:: Data below ::
==============================

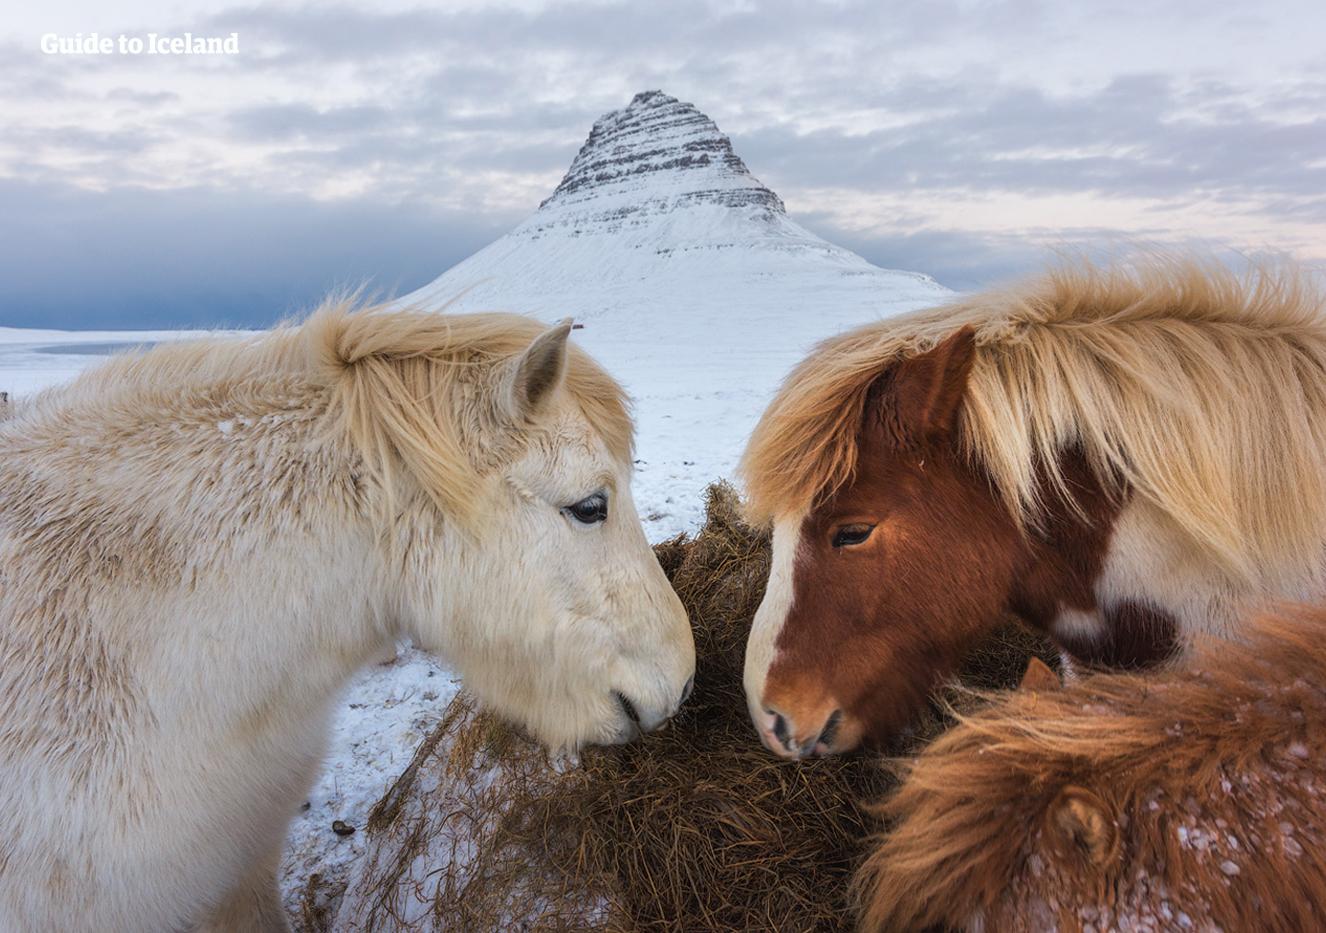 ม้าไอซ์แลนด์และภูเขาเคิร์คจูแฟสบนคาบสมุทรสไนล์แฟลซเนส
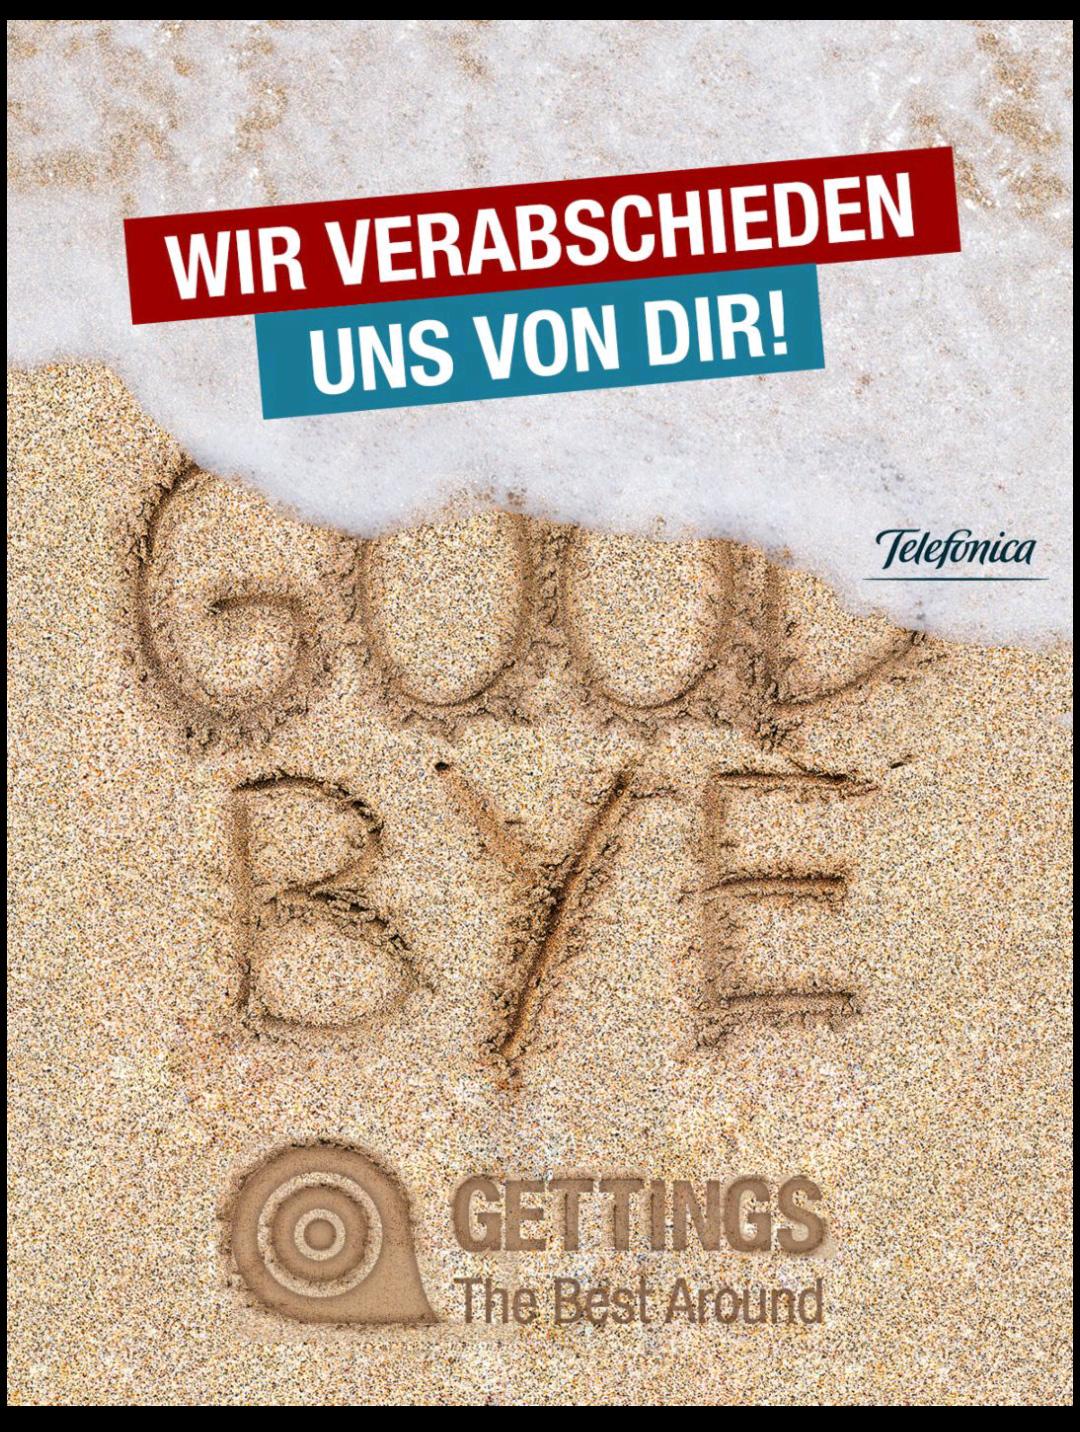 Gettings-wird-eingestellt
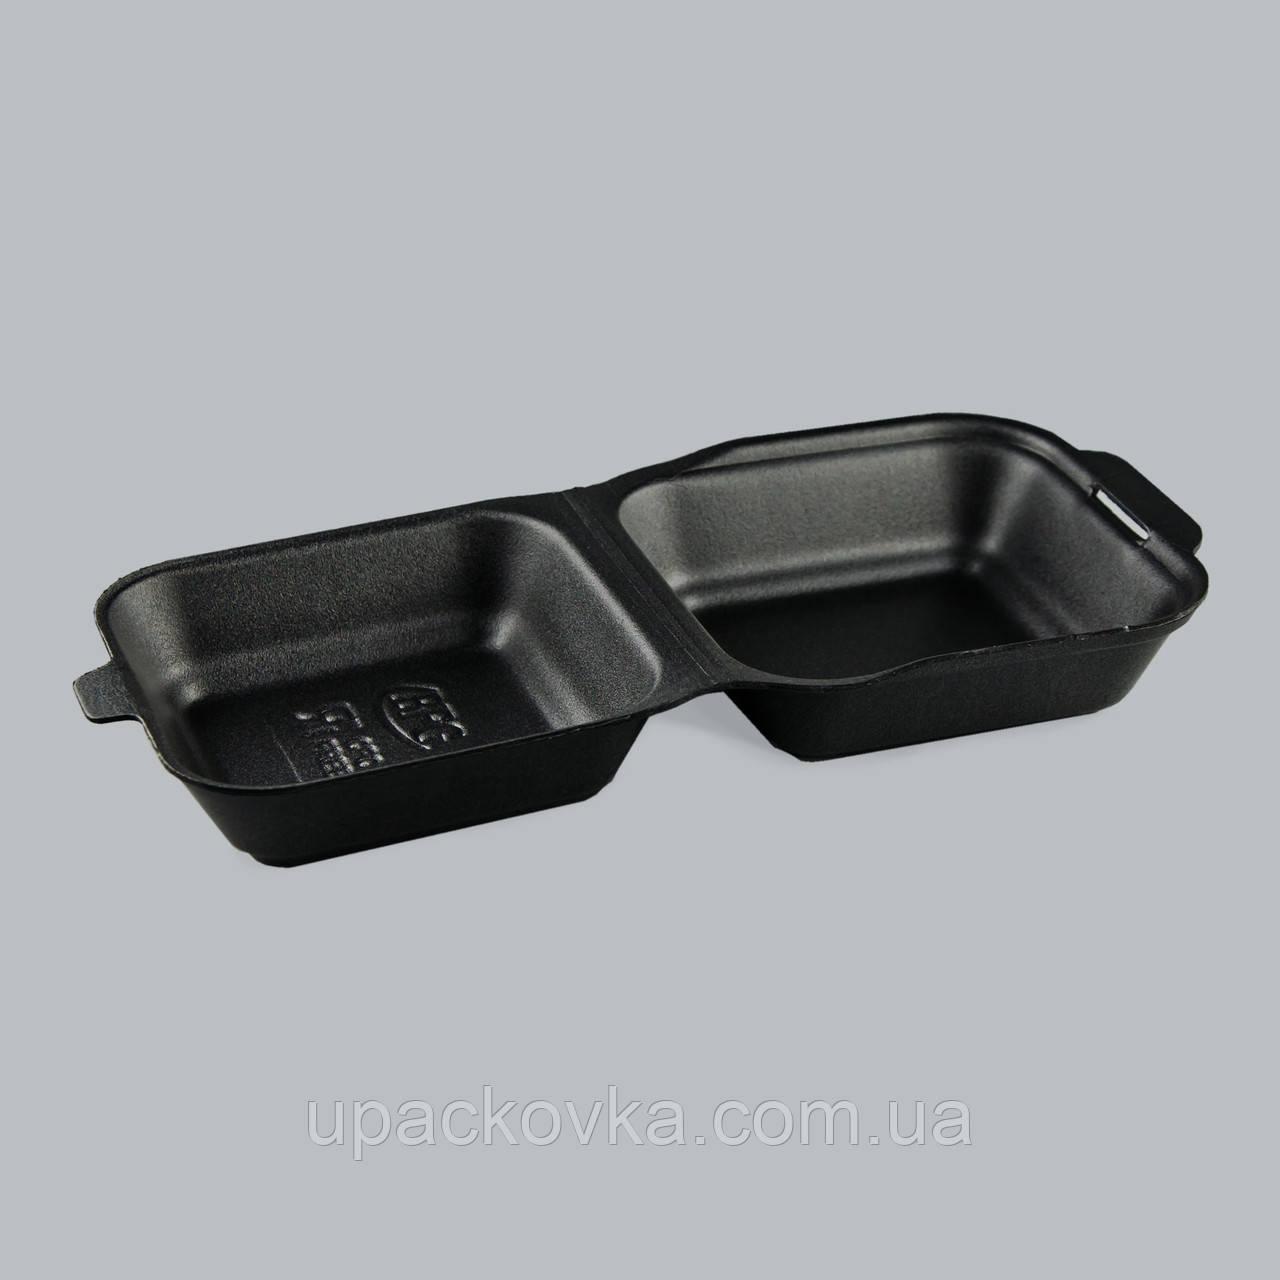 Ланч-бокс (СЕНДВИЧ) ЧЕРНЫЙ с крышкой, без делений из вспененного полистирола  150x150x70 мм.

==============================

:: Assignment ::
Set out nothing but the lines from the line with "Gettings-wird-eingestellt" through the end of the material, reproduced exactly, both ends included, pictures omitted.

:: Finished exercise ::
 Gettings-wird-eingestellt
 Ланч-бокс (СЕНДВИЧ) ЧЕРНЫЙ с крышкой, без делений из вспененного полистирола  150x150x70 мм.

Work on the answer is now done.